Il a aussi évoqué cette rencontre lors de son tournage en Macédoine de cet ancien de la Lufthansa qui avait fait le choix de retourner au pays et qui portait souvent son uniforme de travailleur. « Il était regardé de travers avec ses habits d’Occidental. Il n’est pas resté longtemps. Il est retourné en Allemagne. »
Au fait, que faire sur le plan syndical ? « Il est important que les migrant-e-s aient des contacts en dehors des concitoyens du pays d’origine. L’employeur devrait libérer ses employé-e-s pour apprendre la langue du pays d’accueil.

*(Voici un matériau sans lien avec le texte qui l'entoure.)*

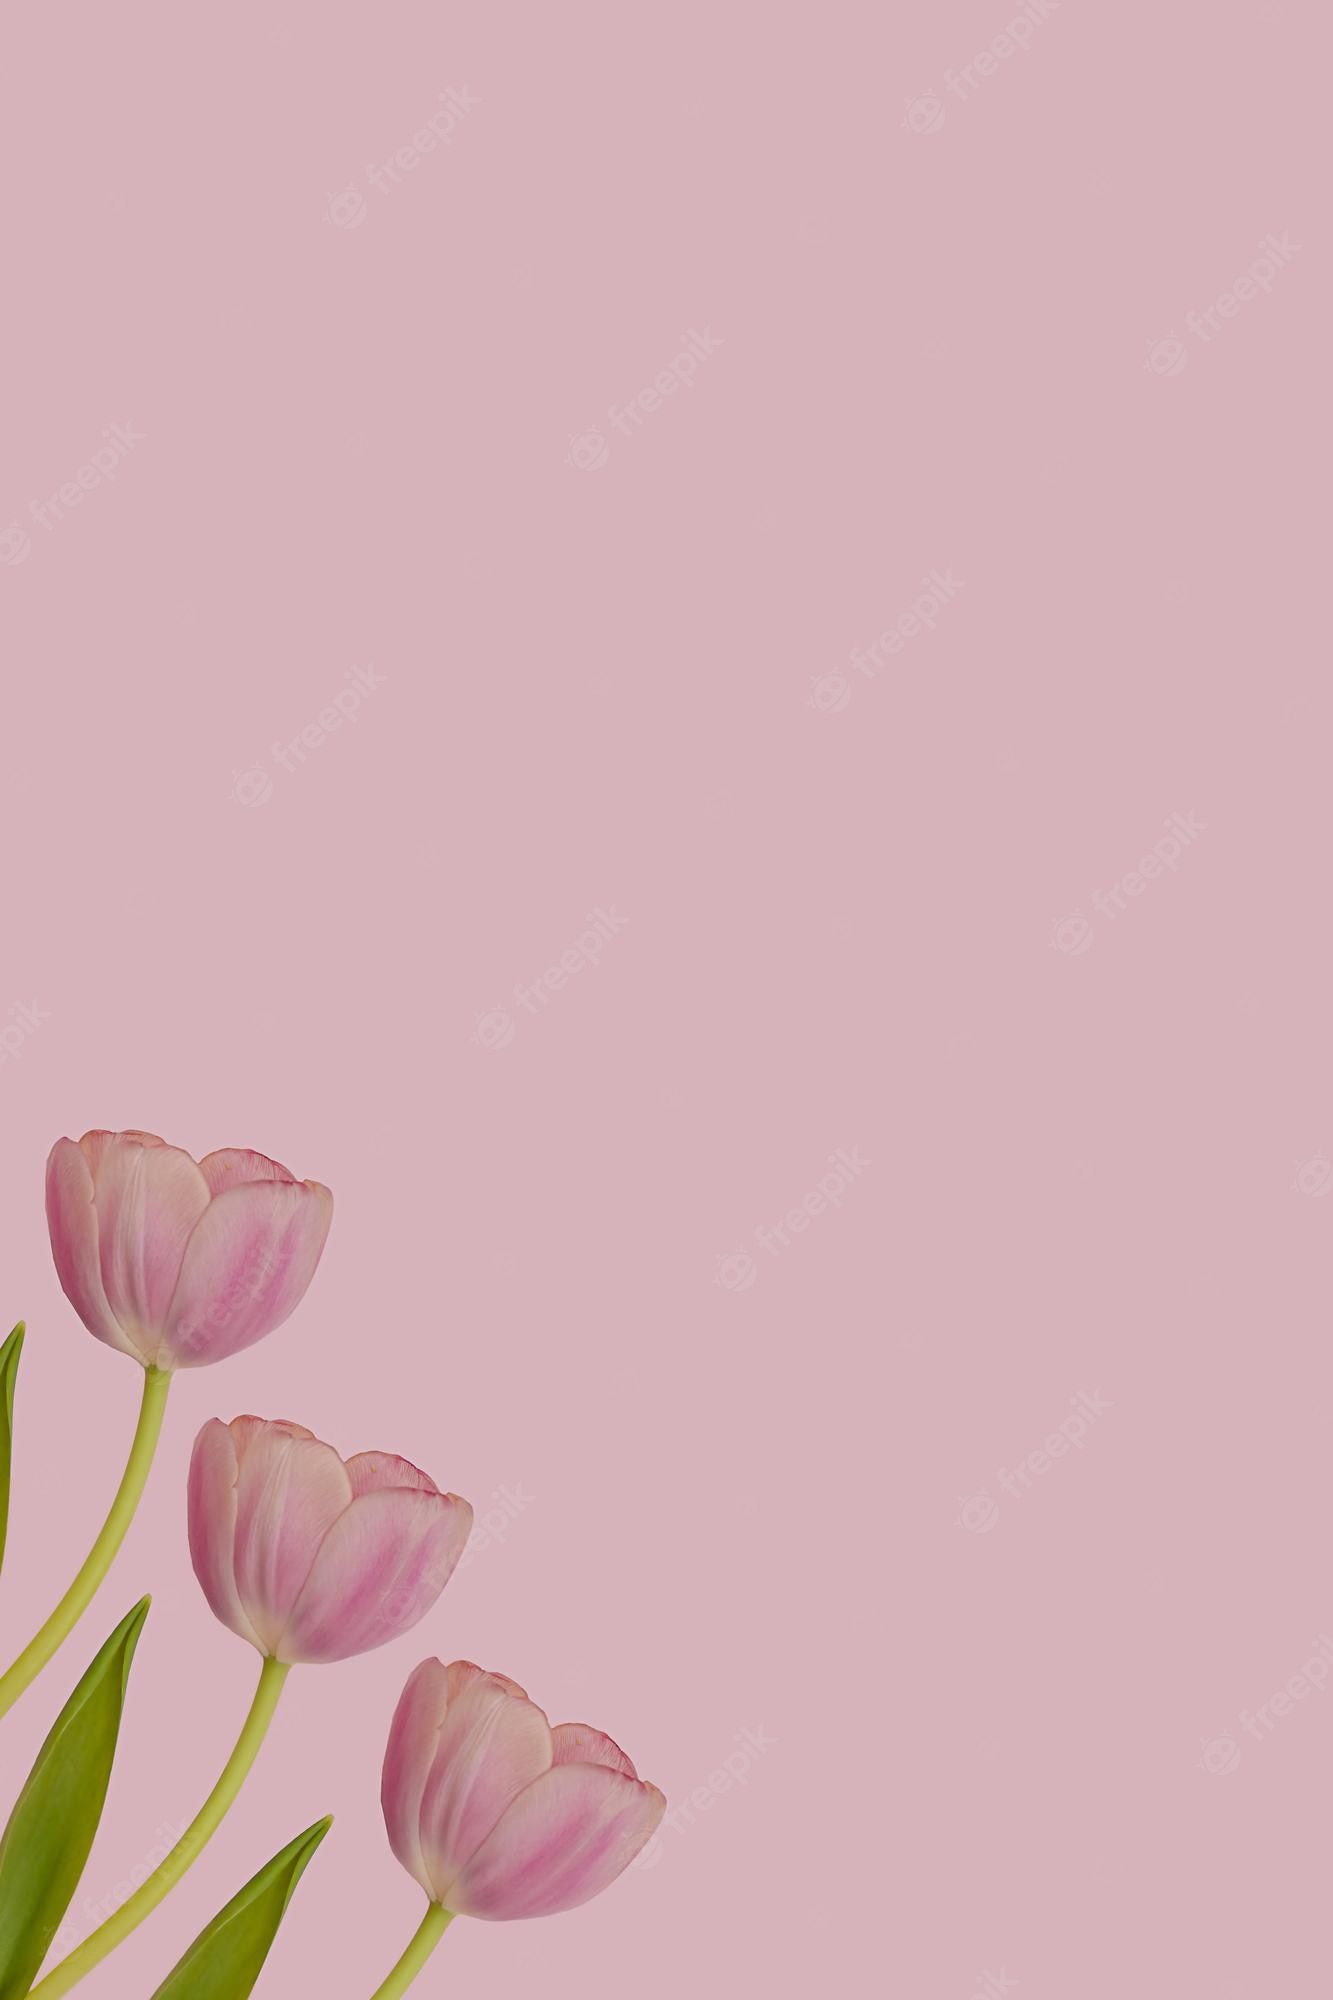 A pink background with three tulips - Tulip

Apprendre le soir après des journées de travail, qui en a encore l’énergie ? », a-t-il questionné.
Pour le remercier de sa présence, Arne Hegland a offert à Yusuf Yesilöz quelques petits cadeaux symboliques : un canif bien suisse, un stylo pour poursuivre l’écriture de ses romans et … un fromage turc, le Gazi, qui a plu à notre homme : « Bon, j’ai appris que l’entreprise qui le produit est espagnole … » La prochaine Journée de la migration aura lieu le samedi 5 novembre 2016.

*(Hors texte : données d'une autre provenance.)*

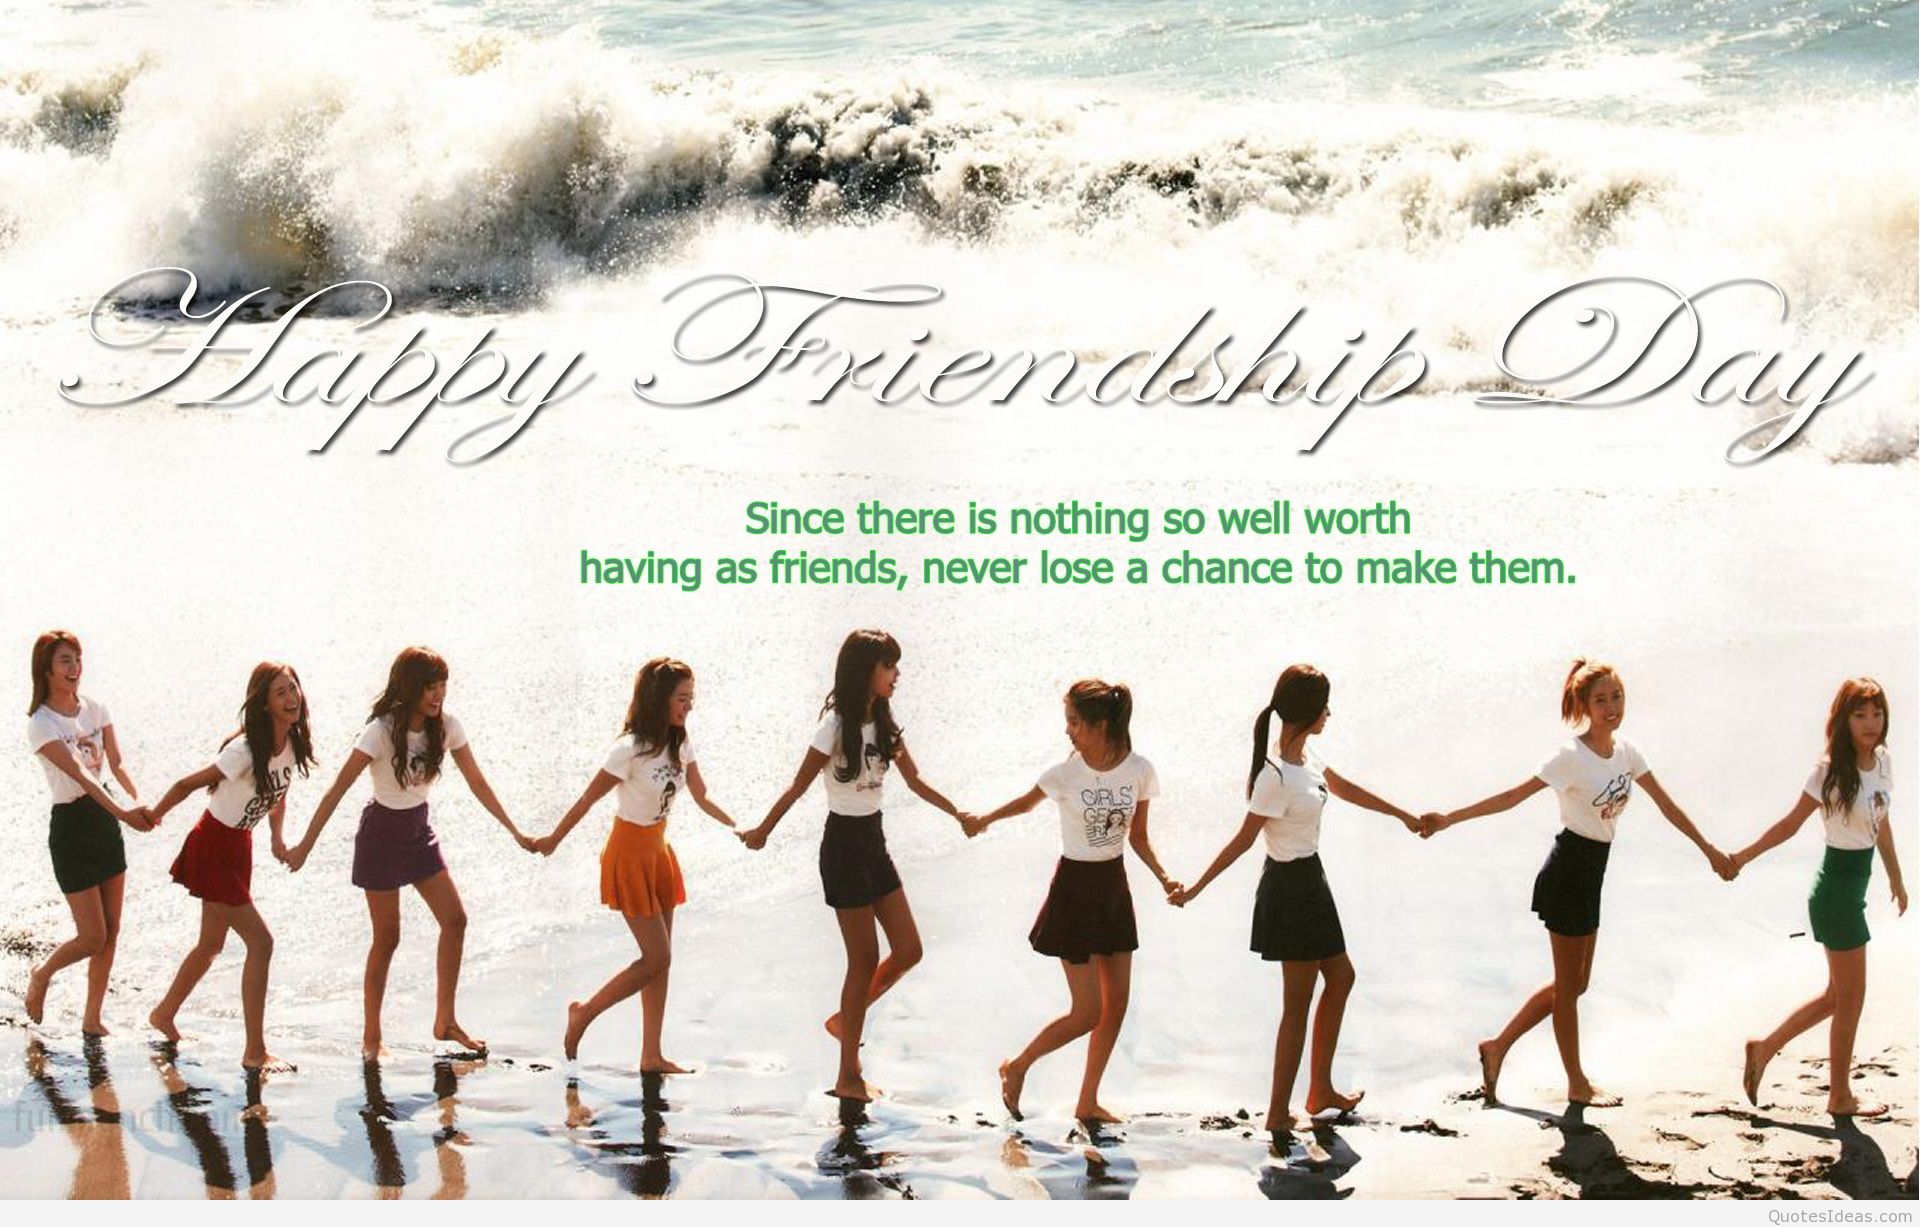 Happy friendship day 2023 greetings cards ecards pictures image

Après un repas de midi empreint de saveurs helvétiques, turques et balkaniques, les participant-e-s ont travaillé au sein de cinq groupes où la question du retour était abordée sous l’angle des générations, de la patrie, des motivations au retour, des facteurs économiques, des relations politiques.
Dans le groupe dédié aux différences entre générations, c’est notamment la perte culturelle et linguistique qui a été mise en avant en cas de retour dans le pays natal. Une transmission jugée fondamentale pour la 3e génération. Le retour est aussi vu comme une migration solitaire.
Les facteurs politiques d’ici et du pays natal ont bien évidemment un rôle important dans la prise de décision: les problèmes ethniques/politiques qui ont poussé à l’exil; les droits politiques en Suisse et dans le pays d’origine; et du point de vue syndical le droit de grève moindre en Suisse.
Sans surprise, les facteurs économiques pèsent lourd dans la balance: le standard de vie en Suisse, mais aussi le niveau de vie dans le pays natal, notamment à la retraite. La qualité du système de santé, de la prévoyance sociale et des assurances sociales jouent un rôle non négligeable, sans oublier évidemment que les facteurs économiques comptent souvent plus que les émotions. «Peut-on se permettre financièrement de rentrer au pays?»
Le dernier atelier était consacré aux motivations au retour, respectivement au fait de rester: si le pays est limitrophe de la Suisse, il sera plus simple de rester car les trajets permettent de s’y rendre facilement. De même si l’on parle la langue du pays d’accueil. Ceux qui ont émigré avant 35 ans auront passé plus de temps dans le pays d’accueil. Ils auront tendance à rester en Suisse.
Enfin, si la famille est restée au pays d’origine, ça pourrait être une raison d’y retourner. La votation du 9 février 2014 pousse nombre de migrant-e-s à se demander: «Suis-je encore le ou la bienvenu-e?»